1. Field of the Invention
The present invention generally relates to semiconductor and micro fabrication equipment and, more particularly, to the integration of sensor technology within existing semiconductor and micro fabrication equipment for process control.
2. Background of the Invention
Semiconductor and micro fabrication equipment is designed to accept one or more cassettes of wafers. These wafers are the basic material which the majority of process equipment operate upon.
Wafers are automatically and individually loaded by a handling robot into the process tools from the storage cassette. The wafers are then processed. Following processing, the wafers are removed from the process tool by the handling robot and individually returned to the storage cassettes for removal and transport to the next phase of processing. Examples of next phase processing include photolithography tools, plating tools, chemical vapor deposition (CVD) tools, plasma etch tools including reactive ion etch (RIE) tools and chemical mechanical polish (CMP) tools. The processes listed above are typically controlled by a variety of measurement tools designed to accurately measure one or more of the process parameters and feed such parameters back to the process as a control input.
In the case of an oxide CMF process, silicon dioxide coated wafers are polished to a target thickness. To assure that the process is running under control, a wafer is periodically removed and its oxide thickness is measured externally with an optical thickness probe. The wafer is then returned to the process flow for further processing. Polish time is adjusted, if errors are found, to compensate and bring the process under control. This Send Ahead Measurement (SAHD) typically requires about five (5) minutes to perform, and is performed on a frequent basis.
A similar situation exists when using blanket copper plating for back end semiconductor wiring levels. In this process, a wafer is coated with a blanket layer of copper to a desired or xe2x80x9ctargetxe2x80x9d thickness. Again, the wafers are periodically removed to an external tool where the copper thickness is determined by performing an electrical sheet resistance measurement using a four point resistance probe. This SAHD process also takes significant time to perform.
The need to remove the product from the manufacturing process tool and perform ex-situ measurements occurs frequently and at a significant cost in terms of process time, handling and capital equipment. However, as metrology equipment decreases in size, it is increasingly desirable to integrate the equipment into the process tools to save process cycle time and redundant wafer positioning systems. This integration, while desirable, is often not possible due to the nature of the process tool, itself. This is because wafer access may be difficult to impossible within the process tool.
It is therefore an object of the present invention to provide an apparatus which integrates a variety of compact measurement equipment into semiconductor and micro fabrication process tools.
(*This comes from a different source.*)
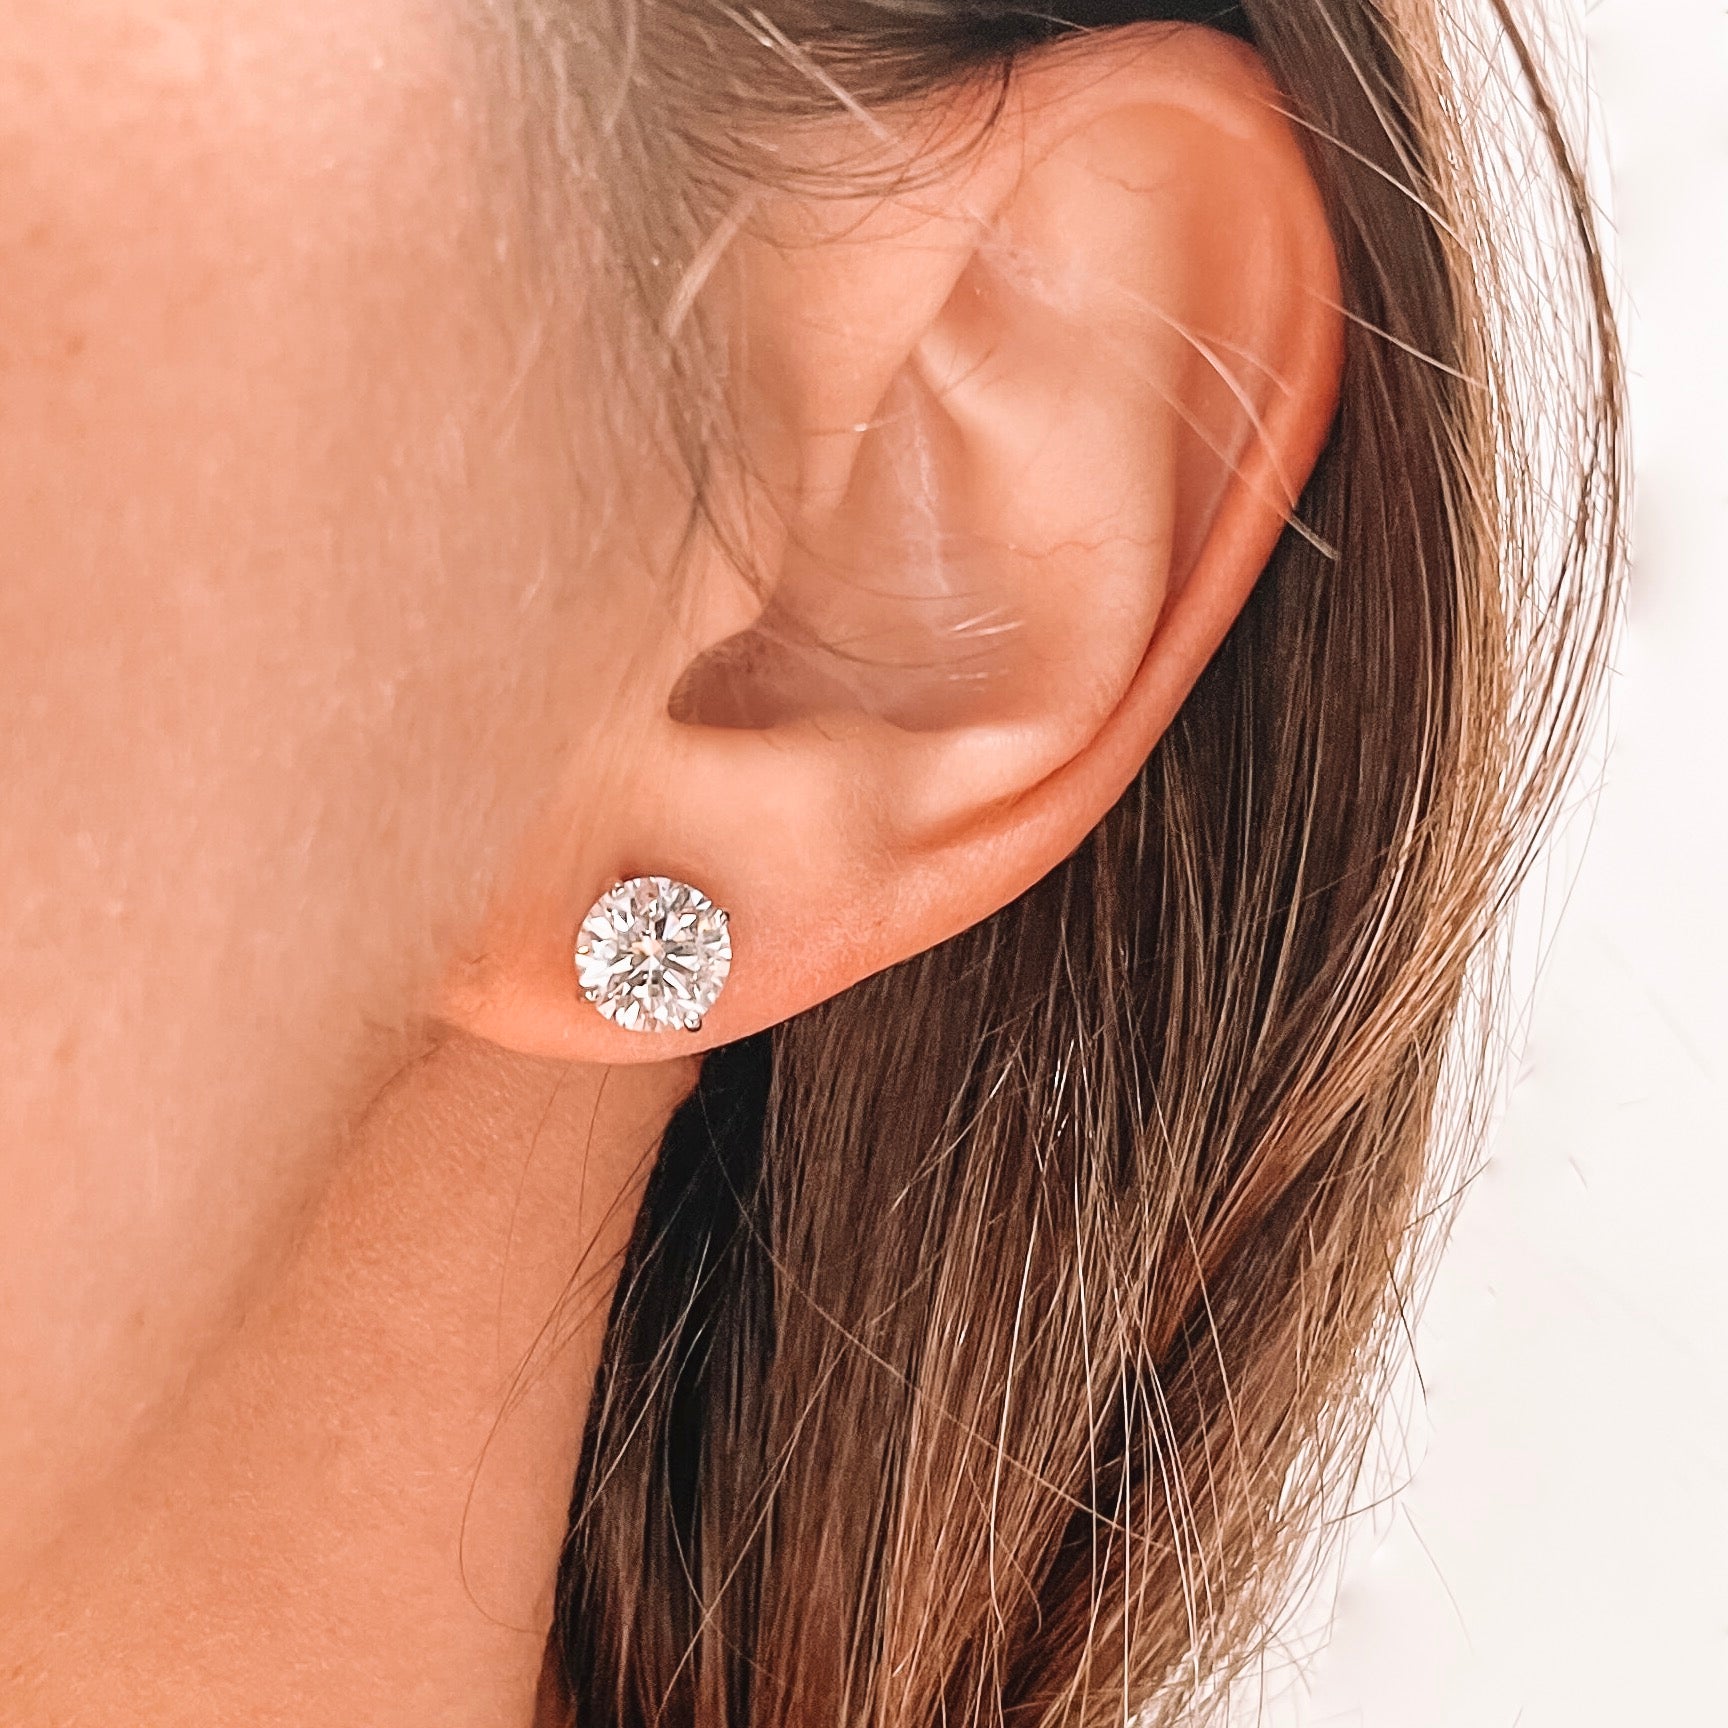 2.07 Carat Total Weight Round Diamond Stud Earrings (j-k, Vvs1-vvs2, GIA)

According to the present invention, there is provided an apparatus with one or more dimensions conforming to those of a standard wafer storage cassette containing all or part of a measurement sensor designed to measure a parameter of a wafer placed into the cassette. The intended use of the apparatus is in a process tool location normally occupied by a standard wafer cassette. By integrating all or part of the sensor into a standard wafer storage cassette a solution is provided whereby the same cassette and metrology system can be mechanically integrated into many process tools. This integration eliminates the need to modify the process tool to accommodate new sensor technology and allows the benefit of in process measurement of a parameter (such as film thickness) without removal mid-handling of the wafer to separate equipment.